CC BY-NC-ND 4.0 · Exp Clin Endocrinol Diabetes 2023; 131(12): 656-666
DOI: 10.1055/a-2191-9969
Article

Vitamin D Alleviates Type 2 Diabetes Mellitus by Mitigating Oxidative Stress-Induced Pancreatic β-Cell Impairment

Jia Liu
1   Department of Endocrinology, Gansu Provincial Hospital, Lanzhou, Gansu, China
,
Yuanjun Zhang
1   Department of Endocrinology, Gansu Provincial Hospital, Lanzhou, Gansu, China
,
Derong Shi
2   Gansu University of Chinese Medicine, Gansu, China
,
Cuihuan He
2   Gansu University of Chinese Medicine, Gansu, China
,
Guanghao Xia
1   Department of Endocrinology, Gansu Provincial Hospital, Lanzhou, Gansu, China
› Author Affiliations
Funding This work was supported by (Effect of Vitamin D on pancreatic β cell injury induced by lipotoxicity and underlying mechanisms) under grant (number 20JR10RA397) and (Effect and mechanism of Vitamin D on pancreatic β cell injury induced by lipotoxicity) under grant (number ZX-62000001-2021-191).

Abstract

Objective Type 2 diabetes mellitus (T2DM) is a common metabolic disorder with rising incidence worldwide. This study explored the anti-T2DM role of vitamin D, thereby providing novel therapeutic strategies.

Methods C57BL/6 J mice and MIN6 cells were used to induce in vivo T2DM and damaged β-cell models, respectively. Body weights, fasting blood glucose, and fasting insulin were measured in mice. Oral glucose tolerance test (OGTT) and insulin tolerance test (ITT) were conducted on mice. Lipid indices (TG, TC, LDL-C, and HDL-C) were detected in mouse serum. Hematoxylin-eosin staining was used to evaluate pancreatic tissue injury. ELISA was used to assess insulin and oxidative stress (OS) markers (MDA, GSH, and SOD) in mice and MIN6 cells. Production of ROS was detected in islet β-cells and MIN6 cells. Cell viability and apoptosis were evaluated using CCK-8 and flow cytometry, respectively. QRT-PCR and western blotting were used to detect pro-inflammatory factors (TNF-α and IL-6) and endoplasmic reticulum stress (ERS) markers (CHOP and GRP78), respectively.
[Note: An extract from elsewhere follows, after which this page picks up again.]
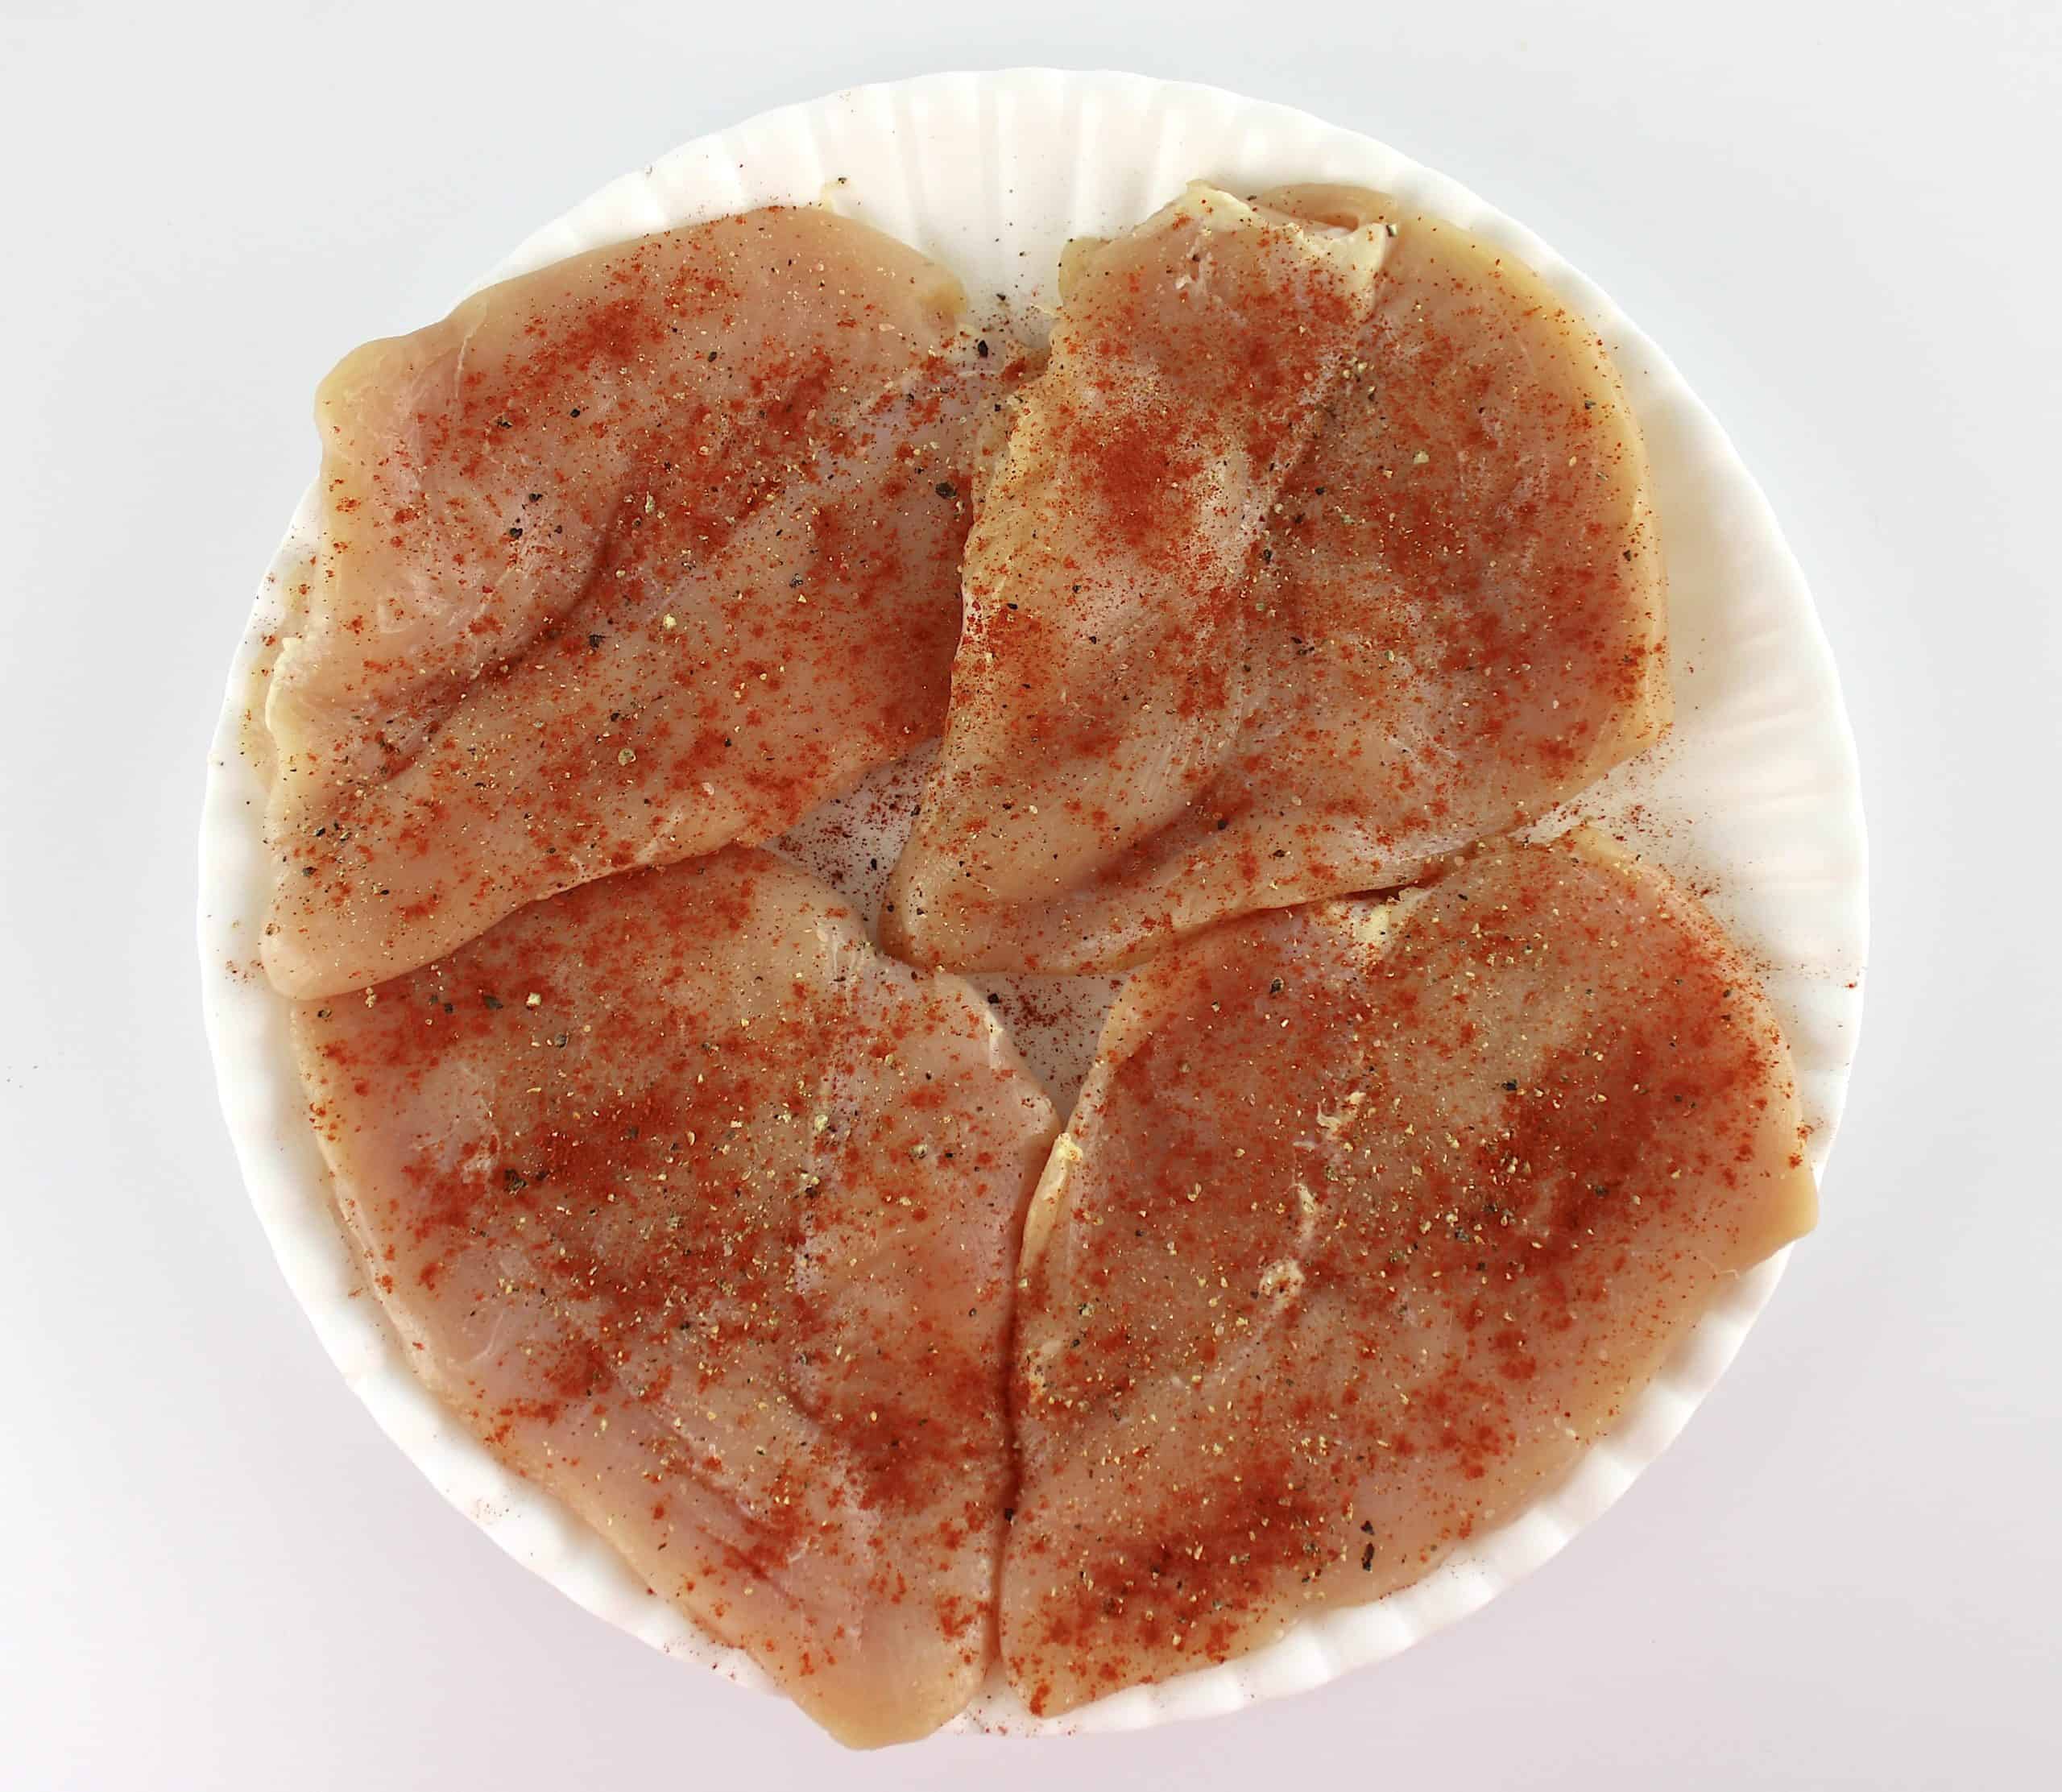 4 raw chicken breasts on white plate with salt pepper and smoked paprika

Results Vitamin D reduced body weights, fasting blood glucose, and insulin and ameliorated glucose tolerance and insulin sensitivity in T2DM mice. Besides, vitamin D decreased serum TG, TC, LDL-C, and increased HDL-C in T2DM mice. Vitamin D inhibited pancreatic histopathological injury, cell apoptosis, OS, and β-cell decline in T2DM mice. Moreover, vitamin D alleviated cell death, insufficient insulin secretion, inflammation, OS, and ERS in damaged MIN6 cells. Notably, N-acetyl-L-cysteine (an OS inhibitor) enhanced these effects of vitamin D.

Conclusions Vitamin D relieved T2DM symptoms by alleviating OS-induced β-cell impairment.

Co-first Author: These authors contributed equally to this work: Jia Liu, Yuanjun Zhang




Publication History

Received: 14 June 2023
Received: 28 August 2023

Accepted: 11 September 2023

Article published online:
07 November 2023

© 2023. The Author(s). This is an open access article published by Thieme under the terms of the Creative Commons Attribution-NonDerivative-NonCommercial-License, permitting copying and reproduction so long as the original work is given appropriate credit. Contents may not be used for commercial purposes, or adapted, remixed, transformed or built upon. (https://creativecommons.org/licenses/by-nc-nd/4.0/).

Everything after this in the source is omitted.